I'll start with the short version: Sprite 0 and HUDs at the bottom aren't a very good fit for each other.
Longer: The NES' Picture Processing Unit (its graphics processor) renders pixels from left to right, top to bottom while the CPU runs in parallel. As you've probably learned from the video, when an opaque pixel of sprite 0 overlaps an opaque pixel of the background, the PPU sets a bit the CPU can detect, so the scroll position can be changed in the middle of a frame. However, due to the order the PPU renders in, the further down the screen this occurs, the longer the CPU has to wait. And while the CPU is waiting, it can't really do much else. (Like run logic for the gameplay.) So the lower down your HUD is, the less time you have for gameplay. That probably explains the lag.

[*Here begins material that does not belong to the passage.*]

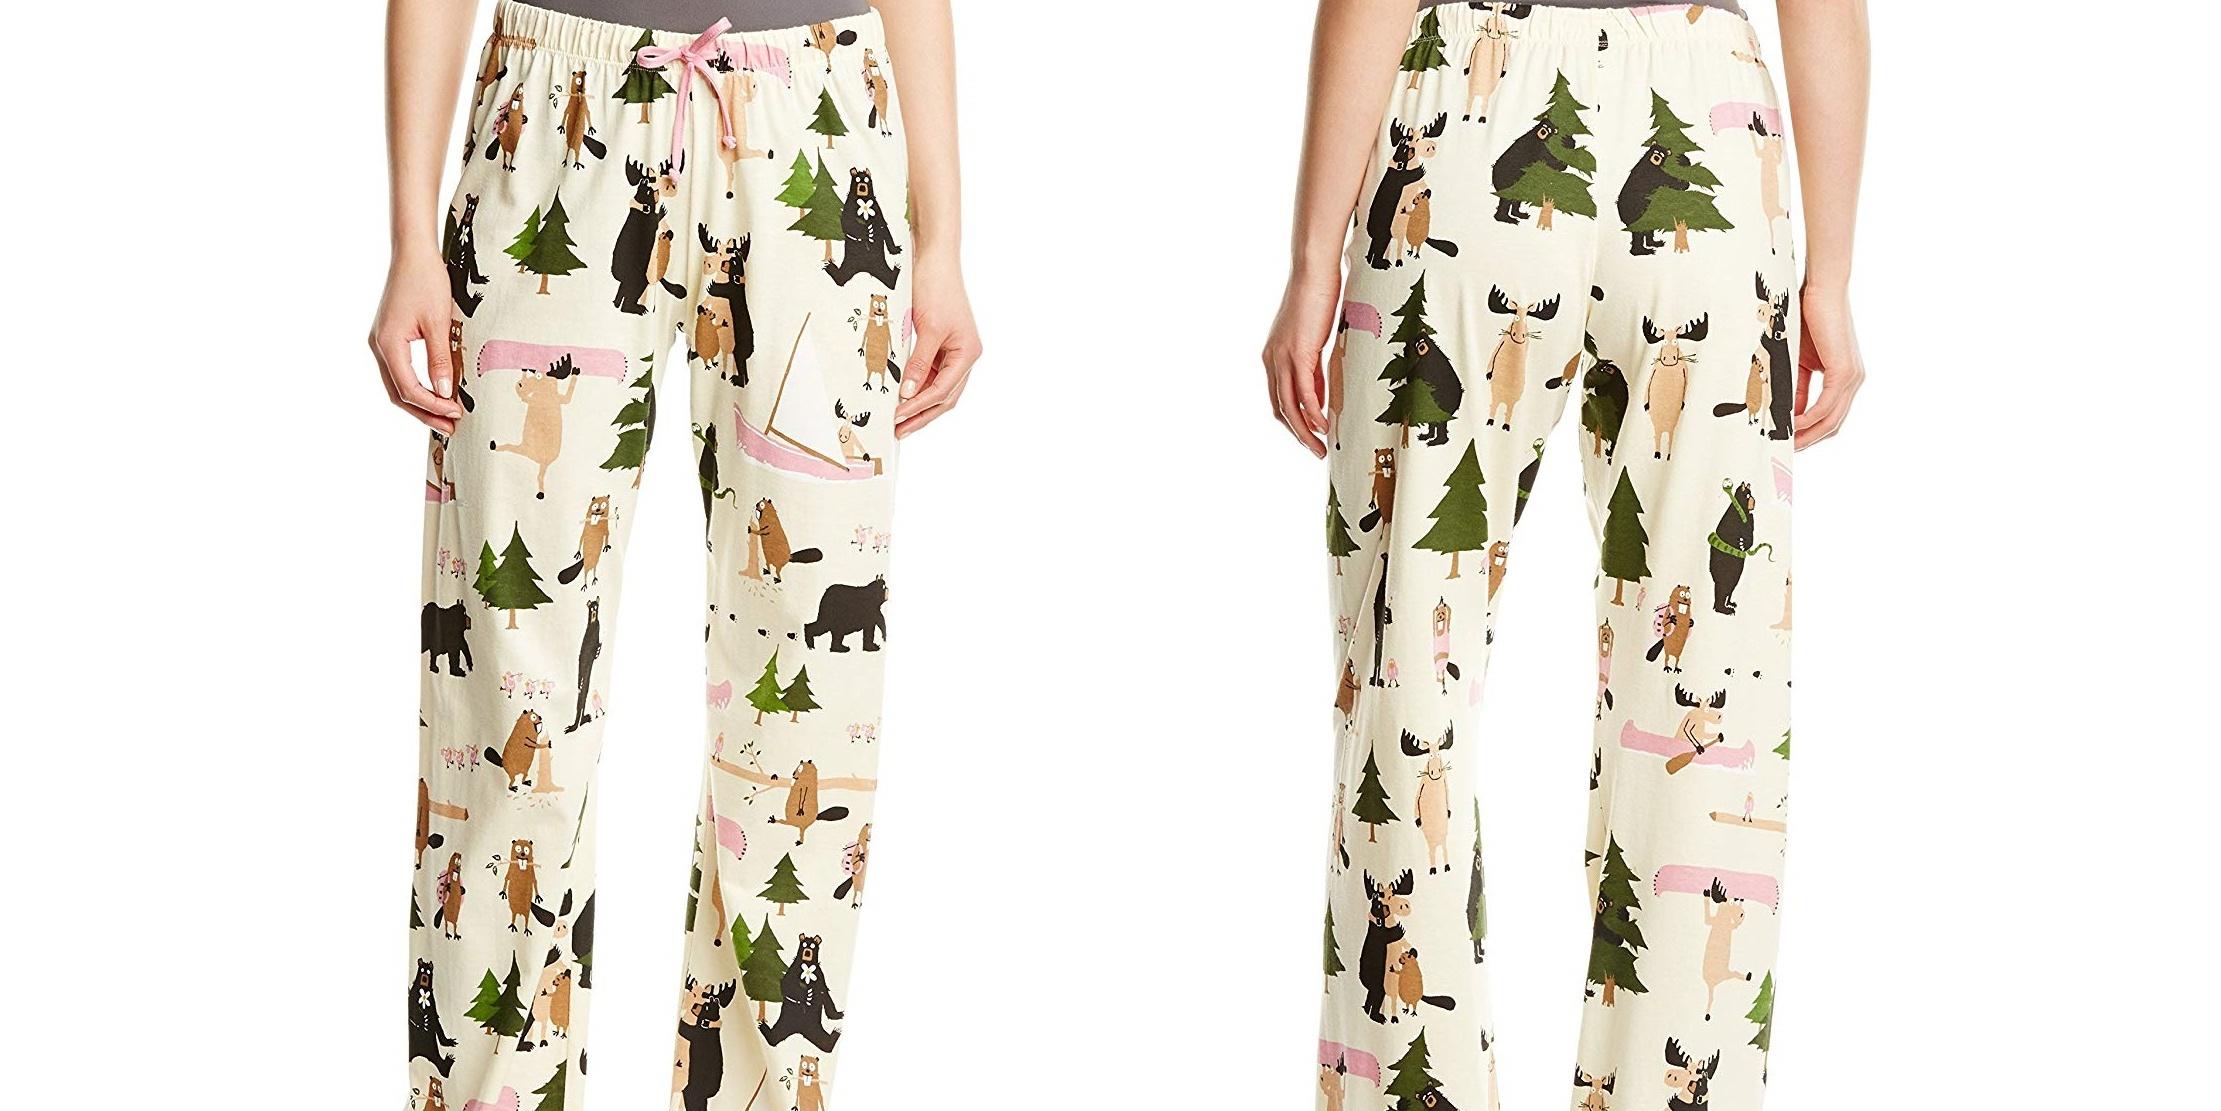 hatley-organic-cotton-pyjamas-animal-print

Some cartridge types allow for detecting the PPU at a specific point in a way that doesn't require waiting, so lower HUDs would not steal time from gameplay. Mapper 30 does not have anything like this. There's another way to do something similar to what you get on cartridges that can detect what the PPU is doing, but I've never fully understood how it works enough to actually do it.
Changing what the PPU is doing mid screen usually requires really, really specific timing. There are four writes to change the scroll midscreen (at least, in the super fine way), and the last two must fall in a very specific time period in between rendering horizontal rows of pixels. (The horizontal blank, or hblank period.) If they don't, lots of weird stuff can happen. (Flashes.) And you may wonder how the writes could be mistimed only sometimes if the sprite 0 hits at the same time every time. The answer is because the PPU runs faster than the CPU, and margins between the bit getting set and the CPU actually being able to recognize it are finicky. NES Maker may not actually do the four write version, but still midscreen PPU updates are usually finicky business.